To address whether the 3 HLA alleles of interest have independent effects, multiple logistic regression was used. After accounting for the effect of HLA DRB1*1501, all 3 alleles remained associated with MS susceptibility (table 3). Given this residual association, a set of additional regression analyses examined the effect of each of the three alleles in the presence of the other alleles (table 3). This series of analyses demonstrated that the effect of the HLA C*05 allele was secondary to that of the HLA B*44 allele and HLA A*02 allele since no significant residual association was observed with HLA C*05 in the larger models. No significant gene/gene interactions were observed in these analyses. This confirms our earlier analysis that suggested the secondary role of HLA C*05 relative to HLA B*44 using SNP data in a different sample set.8 These analyses also examined the relative roles of the HLA A*02 and HLA B*44 alleles in the presence of the other allele. In our dataset, these 2 associations appeared to be distinct since a residual association with MS susceptibility remained for (1) HLA A*02 in the presence of HLA DRB1*1501 and HLA B*44 and (2) HLA B*44 in the presence of HLA DRB1*1501 and HLA A*02 (table 3). No significant gene/gene interaction between HLA B*44 and HLA A*02 was observed in this analysis. Thus, our study suggests the existence of 2 separate MHC class I associations, confirming both the recent report concerning HLA B*44 and the published associations with HLA A*02.
To confirm these results using a different approach, we also analyzed our data after limiting the analysis to those subjects who were HLA DRB1*1501−/−. Table e-3 reports the results of these analyses, which mirror the results of the primary analysis. In particular, HLA A*02 and HLA B*44 had independent effects while HLA C*05 appeared to be have no residual effect in the presence of HLA B*44.
Given the existence of 2 MHC class I loci associated with MS susceptibility, the association between these loci and MS outcomes was examined. In our cross-sectional analyses, HLA A*02 did not have a significant association with either our clinical measures—the age at symptom onset and MSSS—or measures derived from MRI—BPF and T2 hyperintense lesion volume at last visit (table 4). On the other hand, HLA B*44 was associated with both MRI measures at last visit in both univariate (p = 0.03 for each measure, table 4) and multivariate analyses (p = 0.02 for BPF and p = 0.03 for T2 lesion volume). HLA B*44 was associated with higher BPF and lower T2 lesion volume, which is consistent with the protective effect of this allele in terms of susceptibility. No significant association between HLA B*44 and age at onset or MSSS was observed (table 4). In longitudinal analyses, neither allele was significantly associated with the rate of change in BPF or T2 lesion volume, but the direction of the effect was toward a protective effect for each allele (table 5).
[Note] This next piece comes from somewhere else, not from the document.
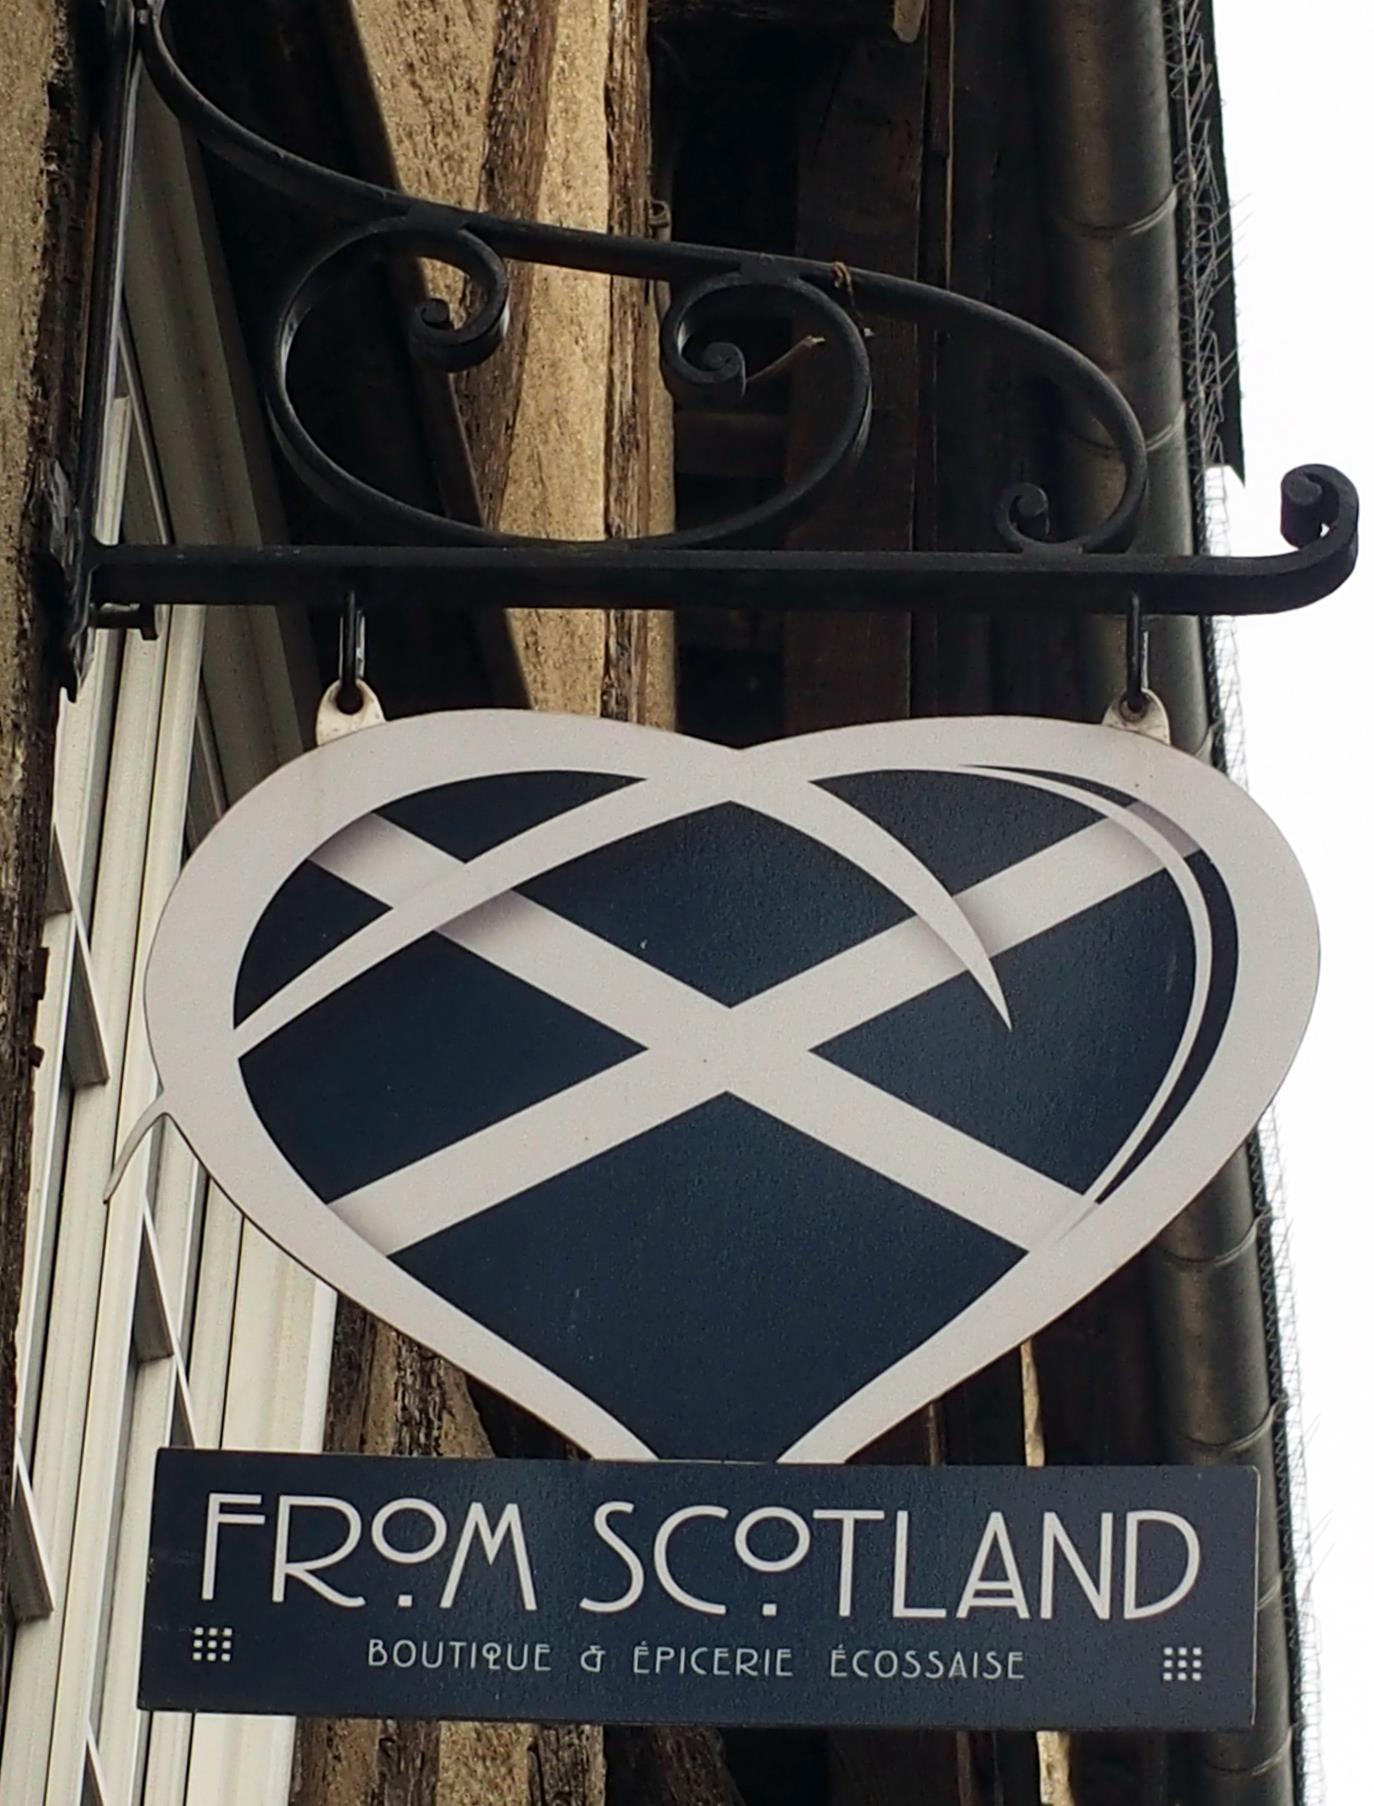 From Scotland (épicerie ecossaise) - Dinan

This suggests that subjects with an HLA B*44 allele have a slower rate of brain atrophy and T2 hyperintense lesion accumulation than other subjects with MS.
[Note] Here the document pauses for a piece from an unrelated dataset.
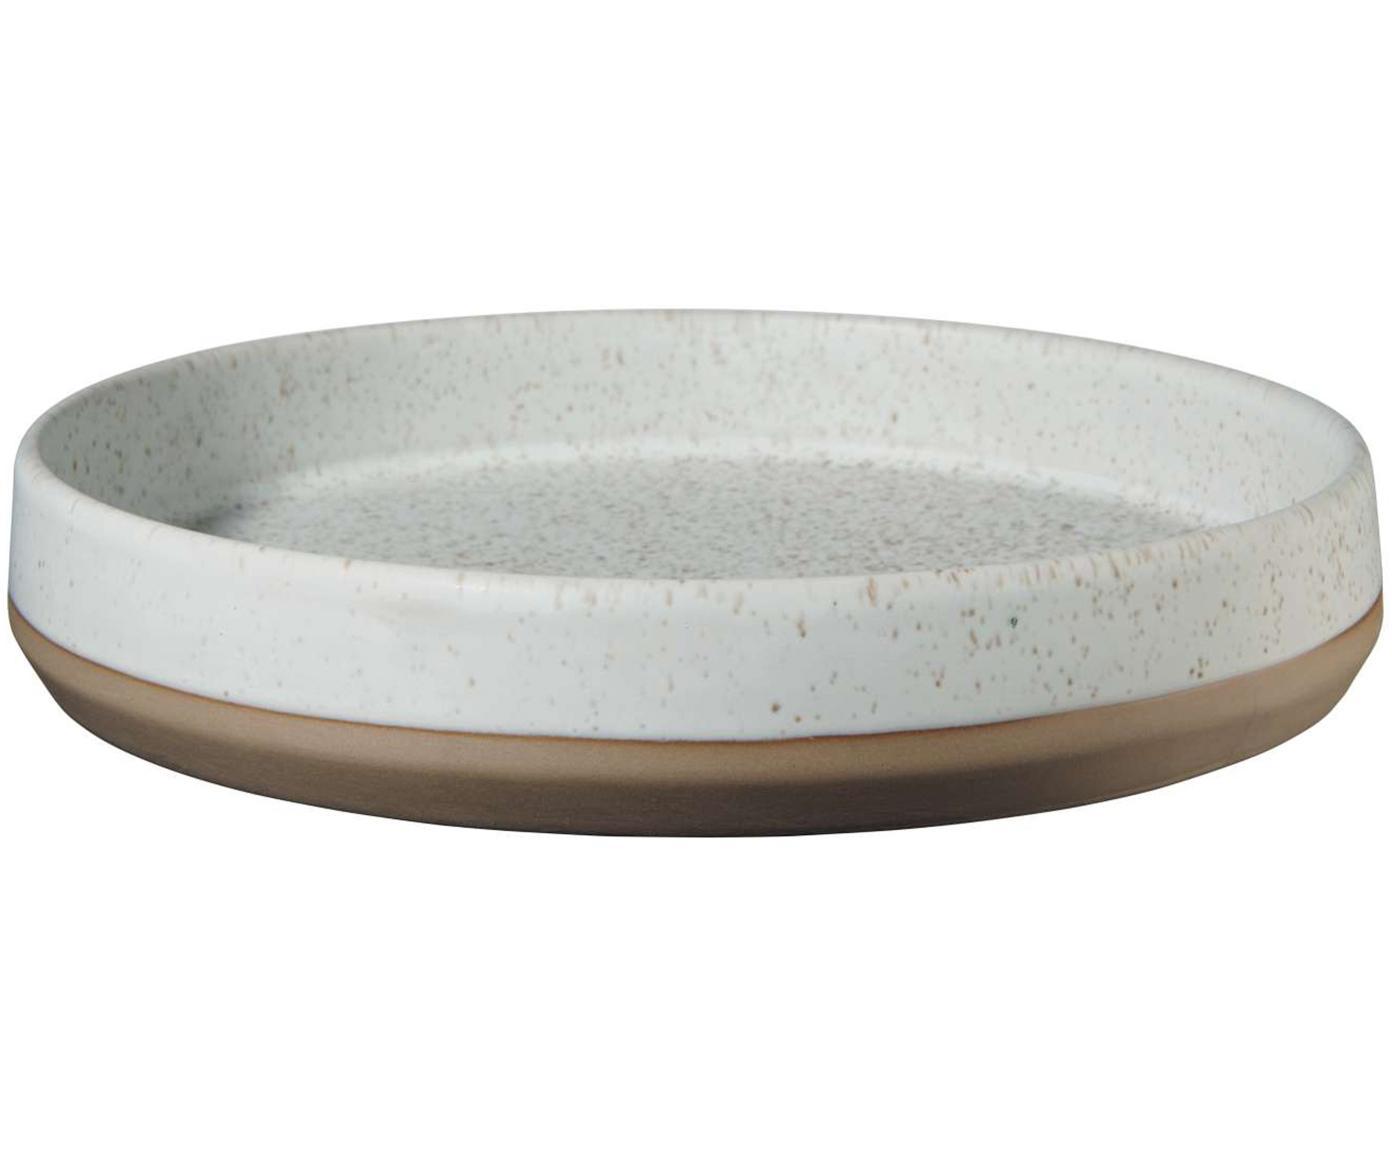 Miska Caja, 2 szt., Terakota, Brązowy i odcienie beżowego, Ø 21 cm

A comprehensive assessment of evidence of association between HLA A, B, C, and DRB1 alleles and MS susceptibility is provided in tables e-1 and e-2. Consistent with previous reports, the relatively uncommon HLA DRB1*14 allele displayed modest evidence of a protective effect in terms of MS susceptibility.3,23 In addition, there is evidence of further heterogeneity in the MHC locus, with 3 suggestive associations appearing in the analysis where the effects of HLA A*02, HLA B*44, and HLA DRB1*1501 are accounted for (full model p) (tables e-1 and e-2): HLA A*03, univariate (no covariates) p = 0.8, full model p = 0.001; HLA C*03, univariate p = 0.0002, full model p = 0.002; and HLA DRB1*11, univariate p = 0.06, full model p = 0.003. Given the 50 alleles tested in this secondary analysis, study-wide significance is established as a full model p < 0.001. Of note, we saw a nonsignificant trend for a higher frequency of an HLA DRB1*1501/*08 genotype in subjects with MS (data not shown); this genotype combination has previously been proposed as a high-risk genotype in relation to MS susceptibility.3
DISCUSSION
In our focused analysis of the MHC class I region, we confirm that this chromosomal segment is associated with MS independently of the HLA DRB1*1501 association. Specifically, we validate for the first time the earlier observation concerning the role of the HLA B*44 allele and confirm the role of the HLA A*02 allele first identified in Scandinavian populations by demonstrating their association with MS susceptibility in an independent cohort of subjects with MS from the Partners MS Center. The results are consistent with other reports validating the role of the HLA A*02 allele and implicating the HLA Bw4 group of alleles.7,9,11,24 Further, we enhance the state of the field by demonstrating that these 2 effects are independent of one another and that the previously described association of the HLA Cw*05 allele with susceptibility to MS2 is likely to be due to linkage disequilibrium with HLA B*44.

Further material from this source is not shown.